# Contributing to Narrative Engine
Thanks for your interest in contributing! Here's how to get started.
## Getting Started
1. Fork the repository and clone your fork
2. Make sure you have Rust stable installed: `rustup update stable`
3. Build the project: `cargo build`
4. Run the tests: `cargo test`
## Development Workflow
1. Create a branch for your change
2. Make your changes
3. Run `cargo test` to ensure all tests pass
4. Run `cargo clippy` and fix any warnings
5. Run `cargo fmt` to format your code
6. Submit a pull request
## Code Style
- Follow the conventions in [CLAUDE.md](CLAUDE.md)
- Use `thiserror` for error types; every public function returns `Result<T, NarrativeError>`
- Prefer `&str` over `String` in function signatures where possible
- Use newtypes for IDs (`EntityId`, `VoiceId`, etc.) — no raw integers in public APIs
- No `unwrap()` or `expect()` outside of tests
- All randomness goes through the seedable `StdRng` in the pipeline context
## Architecture
Before making changes, read the [Design Document](docs/narrative_engine_design_doc.md) to understand the architecture. Key principles:
- **Data vs. code boundary** — the engine defines the *process*, games define the *content*. Don't add game-specific logic to `src/`.
- **Narrative Functions** separate what's happening narratively from how it's expressed.
- **Tags** are the universal coupling mechanism.
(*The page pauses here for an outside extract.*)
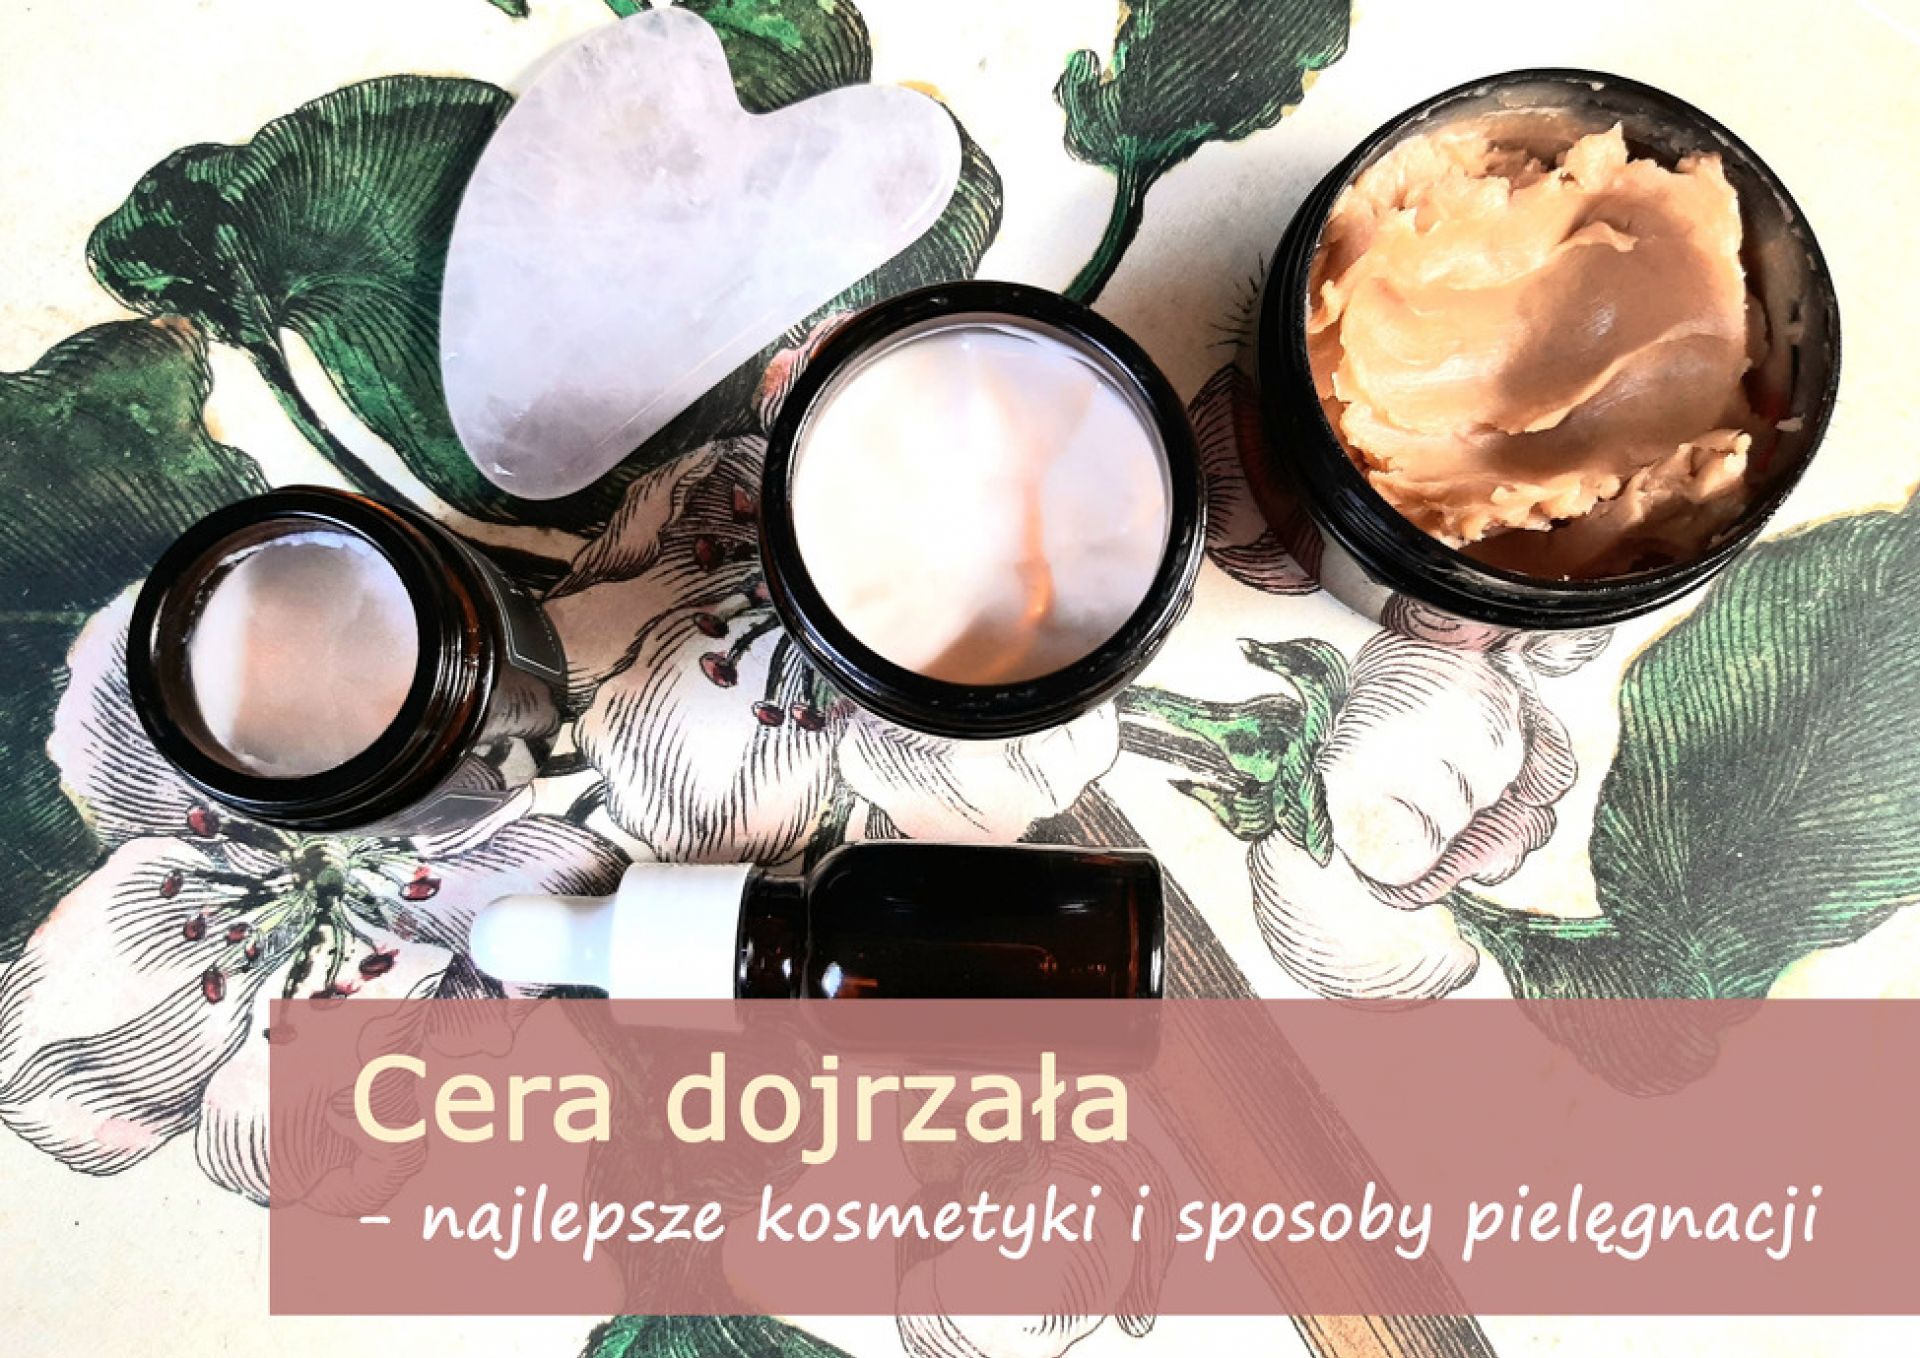 Cera dojrzała - najlepsze kosmetyki i sposoby pielęgnacji - cera_dojrzala_(1).jpg

The engine never interprets tag meaning.
## Content Contributions
Grammar rules, voice profiles, and genre template data live in `genre_data/`. Content contributions (new voices, grammar patterns, genre templates) are welcome. Use the grammar linter to validate your changes:
```bash
cargo run --bin grammar_linter -- genre_data/
```
## Reporting Issues
Open an issue on GitHub with:
- A clear description of the problem or suggestion
- Steps to reproduce (for bugs)
- Expected vs. actual behavior
- Rust version (`rustc --version`)
## License
By contributing, you agree that your contributions will be licensed under the [MIT License](LICENSE).